What’s the number one piece of advice you’d give your younger self?
I think about this question sometimes, but I’ve never nailed down a very clear answer for myself. But a few nights ago, I was at dinner with a group of new friends of mine, who all knew each other (for the most part) from high school. I was talking to two of the guys, one in his mid-30s, and the other in his early 40s. We started talking about how hard it is to make new friends at this age. By ‘this’ age, I think the unspoken assumption was that this was your 30s and above.
It was interesting to hear men talk about this problem too. One of the guys mentioned that the last good friend he made was a worker at his local Dunkin Donuts. They realized they shared a similar sense of humor and started hanging out. I love that story!
Our most fertile time for making friendships seems to be when we’re young and in school. There seems to be something especially fertile about the high school environment for making new friends. We’re so vulnerable and open to the world.

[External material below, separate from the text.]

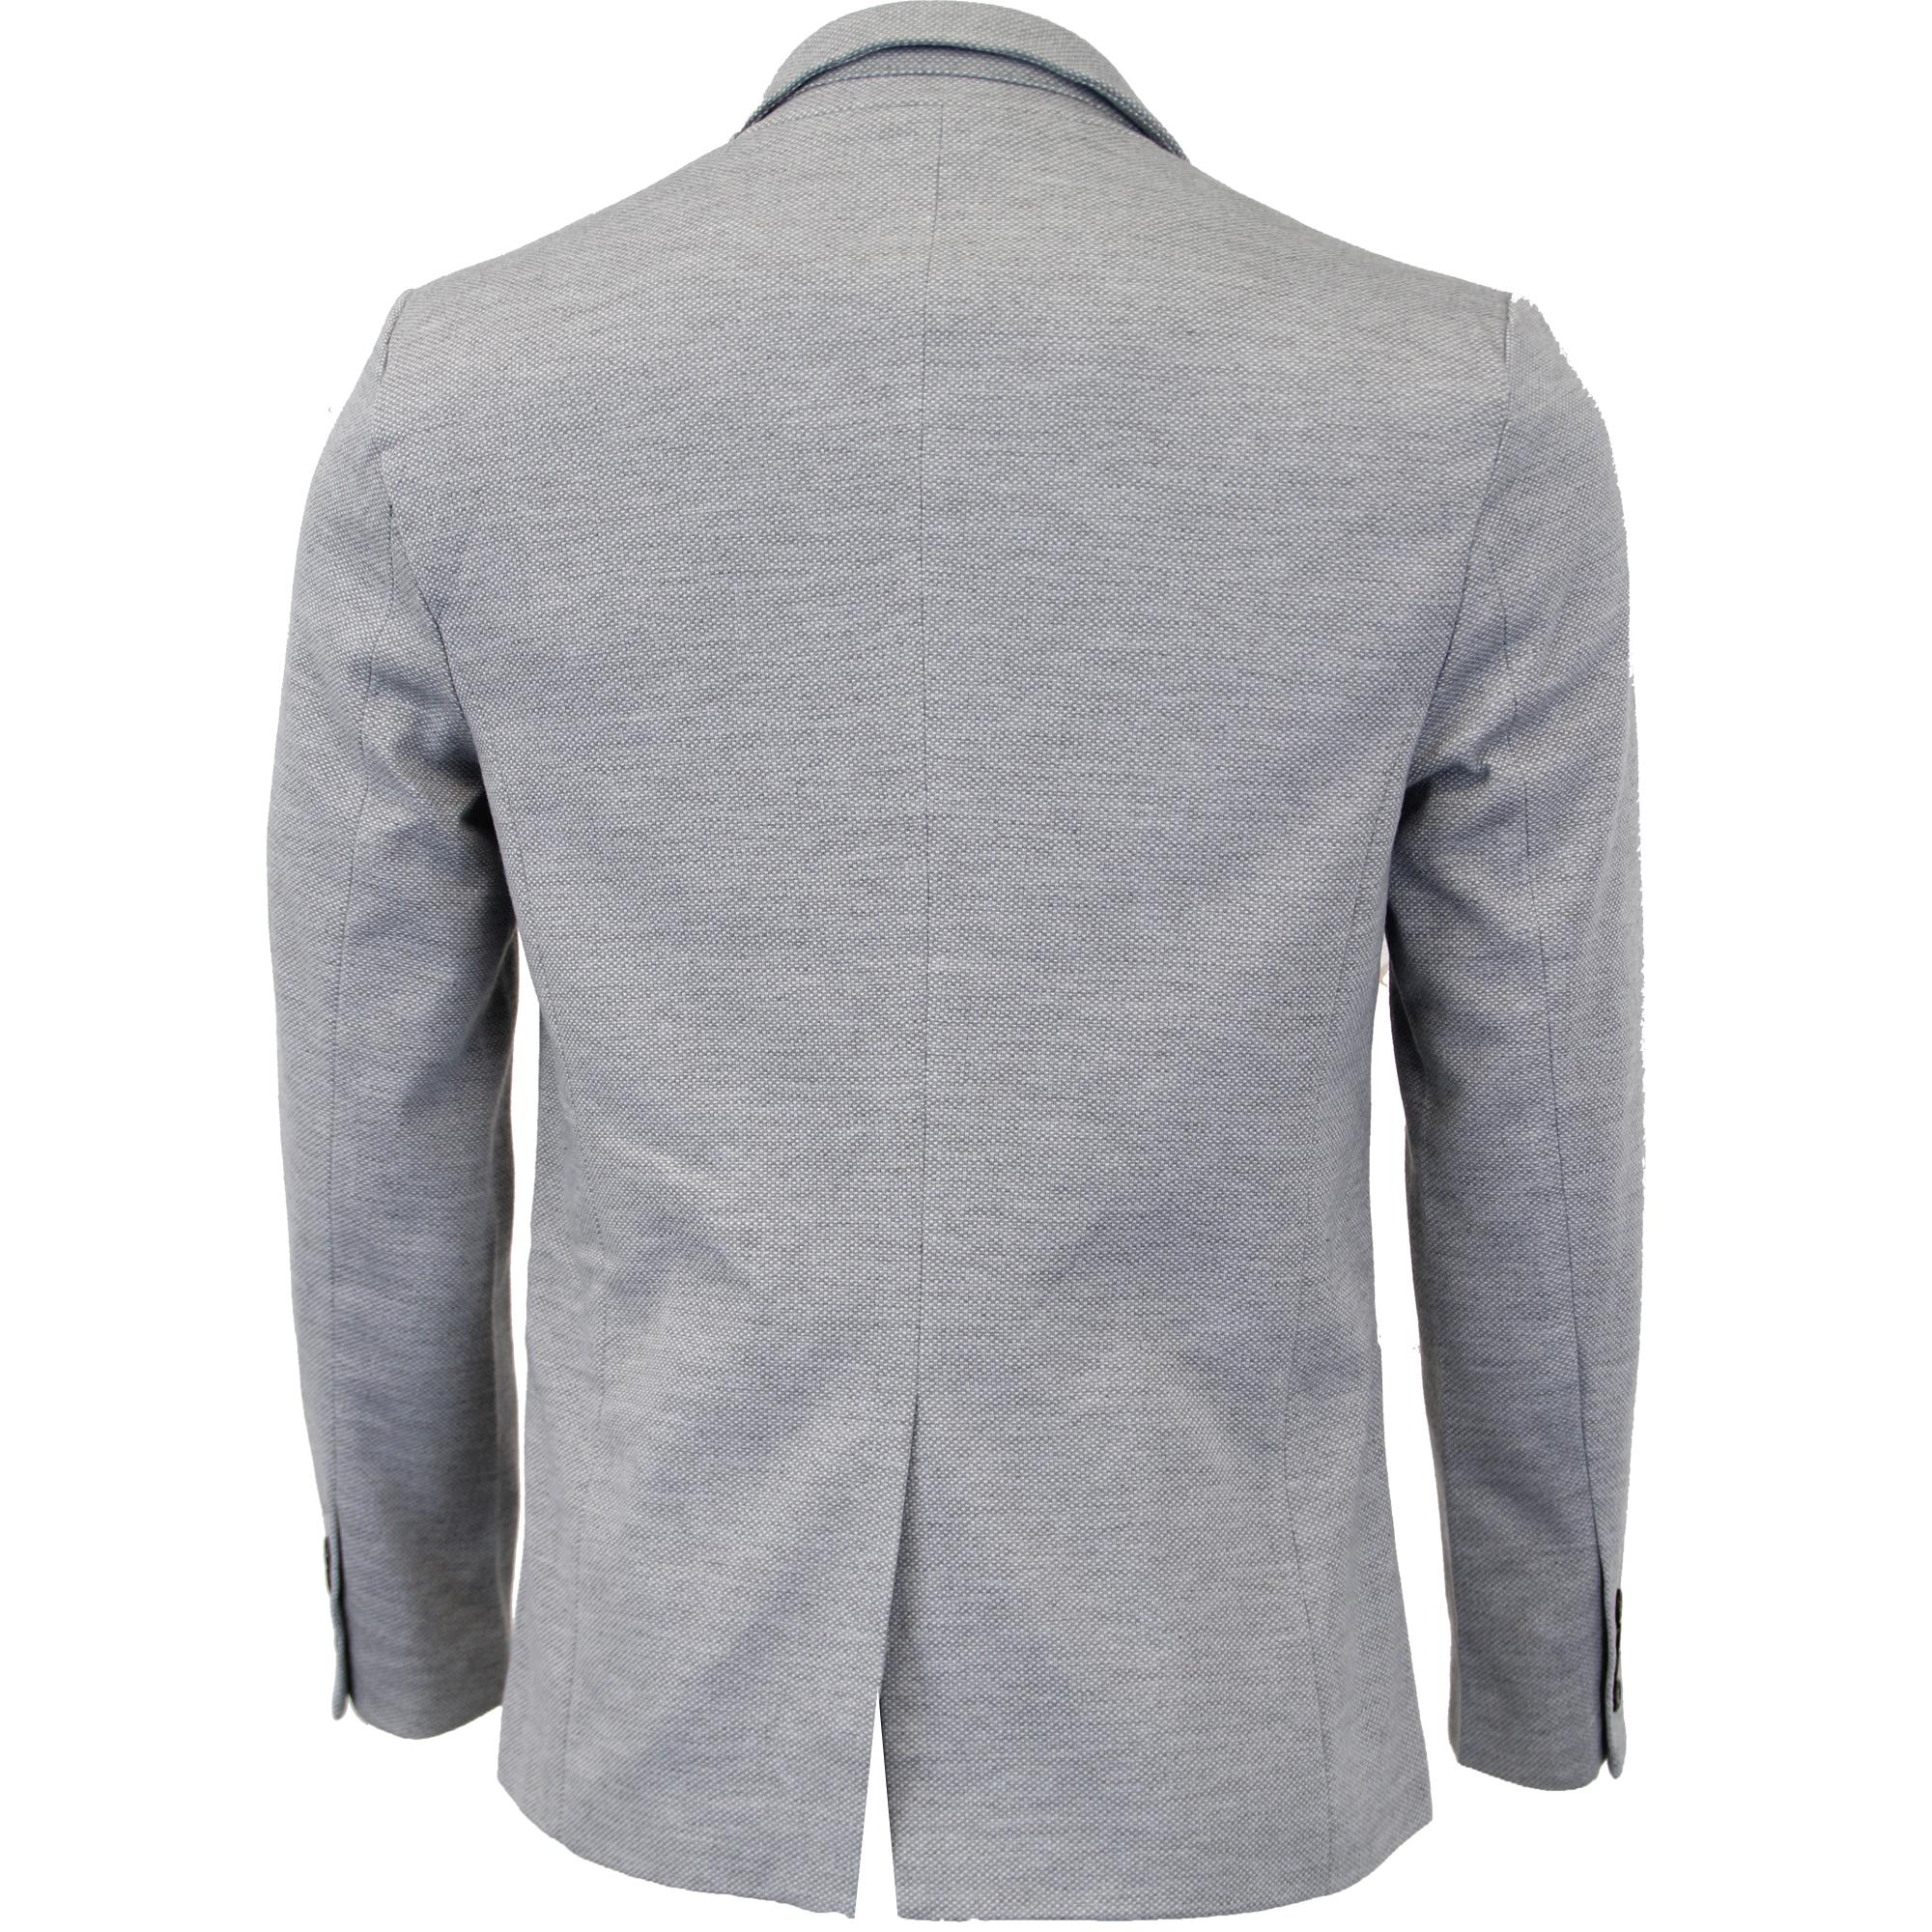 Mens Blazer Process Black Coat Dinner Suit Jacket Pbsimon Formal Wedding Lined

Anyway. Back to my one piece of advice. I’d tell myself to hold on tight to those friendships. I mean, I did and that’s the best thing I ever did, but I would have tried even harder. I had one best friend in high school who felt as close to a soulmate as I had experienced, and who I kept up a very close friendship with until our early-mid 20s. But we had a devastating falling out. Probably the biggest regret of my life was not trying harder to make that work.
But the point is – you’ll never get the chance to make friends like the friends you’ll make from when you’re pre-18. You can’t know at that age that those are the people who will be the emotional backbone of your adult life. They will be your memory keepers. So I would say to my teen self – make friends – as many as you can – and hold on tight.